1. ЭКГ – изменения обусловлены перегрузкой правых отделов сердца и вторичной ишемией миокарда: синусовая тахикардия; изменение зубца Т и сегмента SТ; отклонение ЭОС вправо; блокада правой ножки пучка Гиса; нарушения ритма (мерцательная либо пароксизмальная тахикардию, предсердная экстрасистолия, фибрилляция желудочков); признаки перегрузки правого предсердия (остроконечные зубцы Р - Р pulmonale - во II, III, AVF отведениях). В отличие от ишемических изменений на ЭКГ для ТЭЛА характерны: однонаправленность отклонений ЭКГ во II, III, AVF и правых грудных отведениях, формирование глубокого, но не патологического зубца Q в III отведении, смещение сегмента SТ вниз в I, II, АVL отведениях и вверх в III, AVF, AVR, V1--V2 отведениях
2. Рентгенография легких:
а) при ТЭЛА, не осложненной инфарктпневмонией:
- обеднение легочного рисунка в зоне разветвления тромбированного сосуда (симптом Вестермарка)
- выбухание конуса легочной артерии
- расширение правых отделов сердца
- расширение корня легкого (обрубленность, деформация).

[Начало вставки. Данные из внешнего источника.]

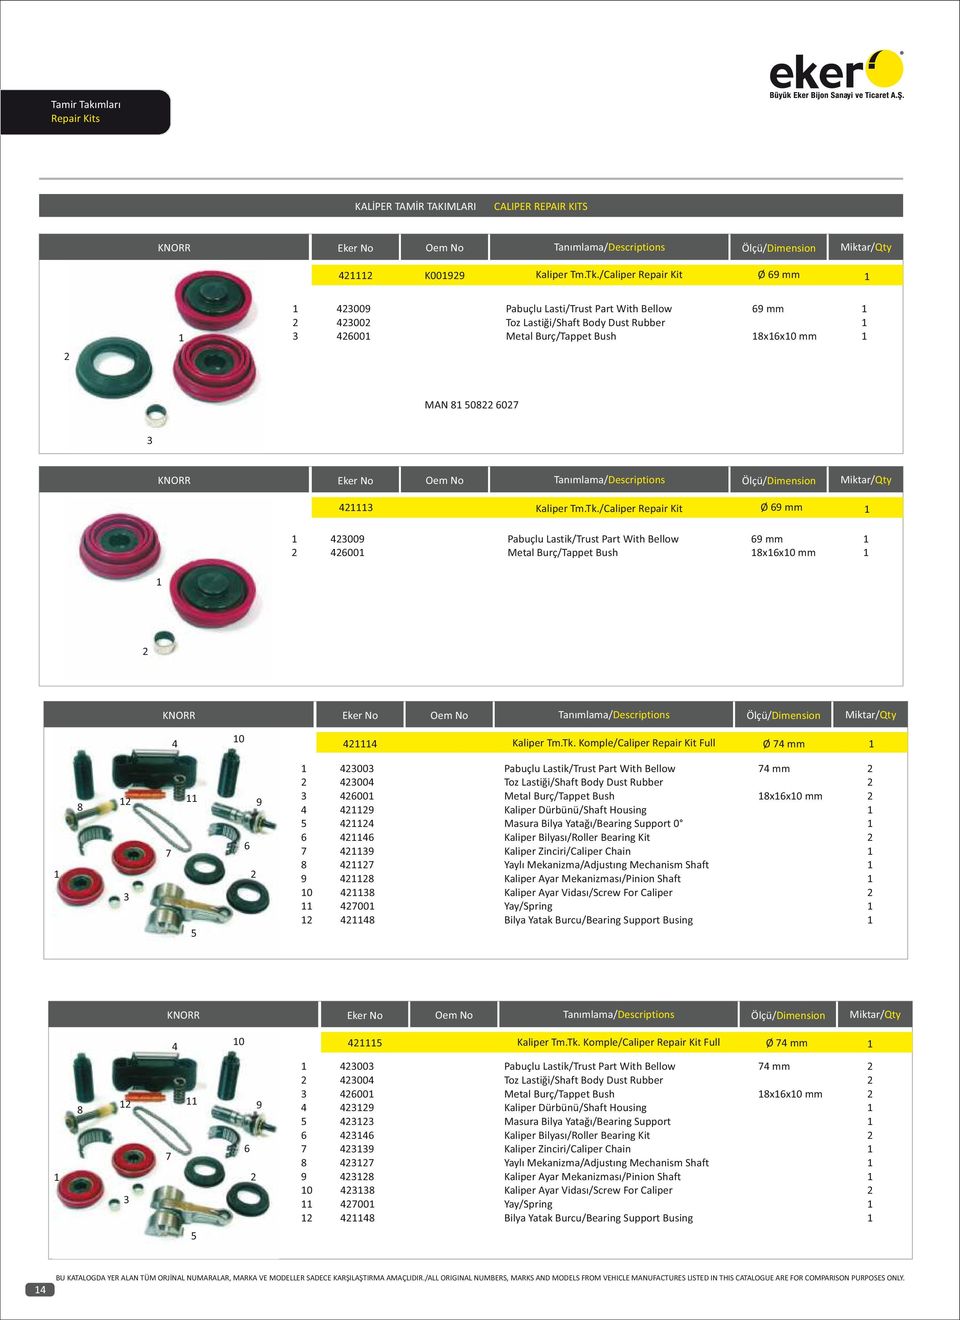 Masura Bilya Yatağı/Bearing Support 0 Kaliper Bilyası/Roller Bearing Kit 7 9 Kaliper Zinciri/Caliper Chain 8 7 Yaylı Mekanizma/Adjustıng Mechanism Shaft 9 8 Kaliper Ayar Mekanizması/Pinion Shaft 0 8

б) при ТЭЛА, осложненной инфарктпневмонией:
- затемнения в легком
- утолщение висцеральной плевры, плевральные наложения
- элевация купола диафрагмы, ограничение его подвижности и уменьшение вследствие этого легочного поля на стороне поражения
- дисковидные ателектазы
- жидкость в плевральной полости
Наибольшее значение в рентгенологической диагностике ТЭЛА имеет сочетание патологического затемнения в легком и высокого стояния купола диафрагмы, выявляемое на одной и той же стороне грудной клетки. Этот симптомокомплекс высоко специфичен, что позволяет использовать его в проведении дифференциальной диагностики инфарктпневмонии и затемнения, вызванного обычной пневмонией, для которой нетипична элевация купола диафрагмы.
3. Эхо-КГ - выявляет расширение легочной артерии, правых отделов сердца, снижение фракции выброса правого желудочка, патологическую трикуспидальную регургитацию. Из-за повышения давления в правом желудочке межжелудочковая перегородка уплощается и левый желудочек напоминает букву D (D-образный желудочек). В случае высокой степени легочной гипертензии дилатированный правый желудочек как бы сдавливает левый, в результате чего последний принимает форму полумесяца.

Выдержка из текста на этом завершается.